“Video games will move to the center of the entertainment and pop-culture universe next year”
Axios, Future of media: Gaming
Over the past two days, I had a chance to attend the Pocket Gamer Connects (PGC) London and meet and greet game developers, execs, studios, investors and service providers to the gaming industry. It’s the first big gathering of the year, a small sibling to the much larger Game Development Conference (aka GDC) taking place in San Francisco in March. First and foremost, PGC it’s a meeting palooza – I received over 40 requests for meetings, mainly from game studios all over Europe.
One trend that was prominent at the conference was the rise of generative AI in gaming. In one of the sessions I attended the room was packed with developers, and in the web3-focused session, most of the chatter was not on NFTs or Play to Earn, but on the potential of generative AI to reduce costs, increase productivity and test various aspects of the game creation value chain from ideation, to development and marketing of games.
The potential of AI in gaming was also mentioned In the latest quarterly gaming report by Quantum Tech Partners:
“We will begin seeing early concept stage development, art, generative characters, NPCs and putting creation in the hands of non-developers assisted with AI applications”
Another trend that was discussed at the conference was the growing importance of live operations in mobile gaming.
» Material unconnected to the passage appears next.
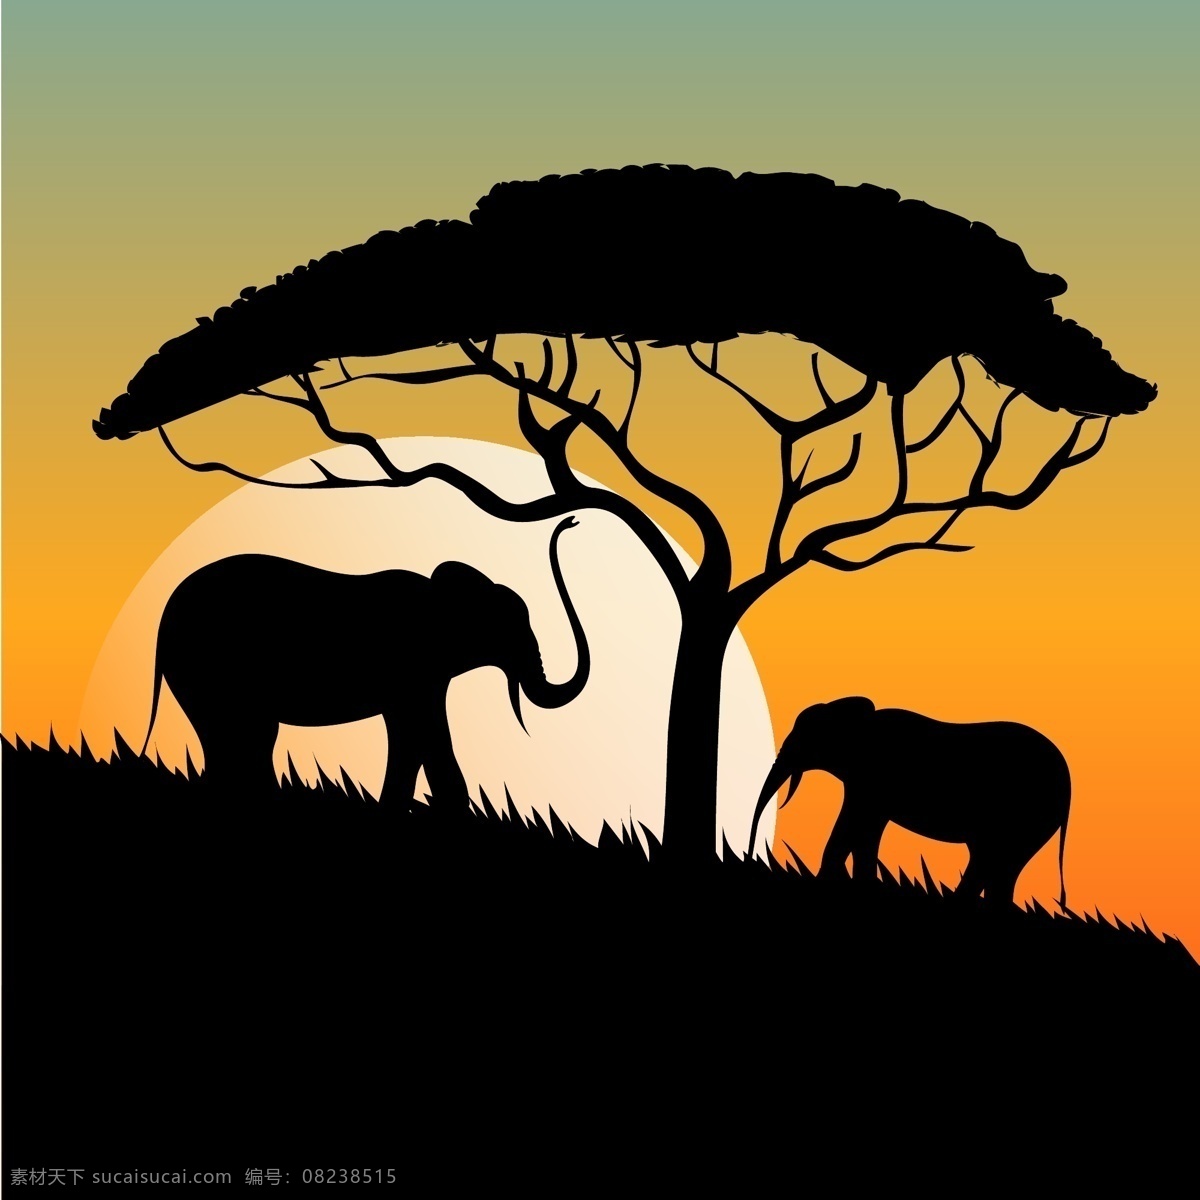 夕阳 下 大象 树木 剪影 剪影素材 草原 矢量素材

Live operations refer to the ongoing management and maintenance of a game after its initial launch, and can include things like events, updates, and community management. With the increasing competition in the mobile gaming market, developers are recognising the need to keep players engaged and invested in their games for longer periods of time in order to drive monetisation and retention. Alumni of companies like Playtika or other ‘social gaming’ companies are well aware of the potential for live ops platforms to increase ROI and retention.
Putting gaming in context in 2023
While 2022 was the first year that saw mobile gaming revenue shrink by 5%, the number of downloads was overall up and session times remained the same, as I mentioned in my post on the state of Israeli gaming in 2023. The reasons for the reduced spend on US gaming include: reduced discretionary spend due to inflation, reduction in post-COVID gaming hours and a thinner release slate of big titles, according to Matthew Ball.
When it comes to M&A however, 2022 was a record breaking year with $127 billion invested across 1,250 deals, according to the latest 2022 state of gaming report by Drake Star.
Highlights from the report:
- Global gaming industry saw record year with over 1300 deals and $127B in disclosed deal value.
- Over $102 billion in M&A deal value with some of the largest ever gaming M&A deals this year (Activision/Microsoft, Zynga/Take-Two, ironSource/Unity)
- More than $11B was raised in 900+ financing rounds of private companies. When comparing venture investments only, 2022 saw a 40% decline in gaming investments compared to 2021 (according to CB Insights). Q4 2022 was particularly brutal, with a 83% decline in gaming funding. Unfortunately, the layoffs didn’t skip the gaming industry as companies look to improve unit economics. Unity, Riot Games, Microsoft, Google and Playtika, are just some of the recent companies who announced layoffs, affecting thousands of jobs.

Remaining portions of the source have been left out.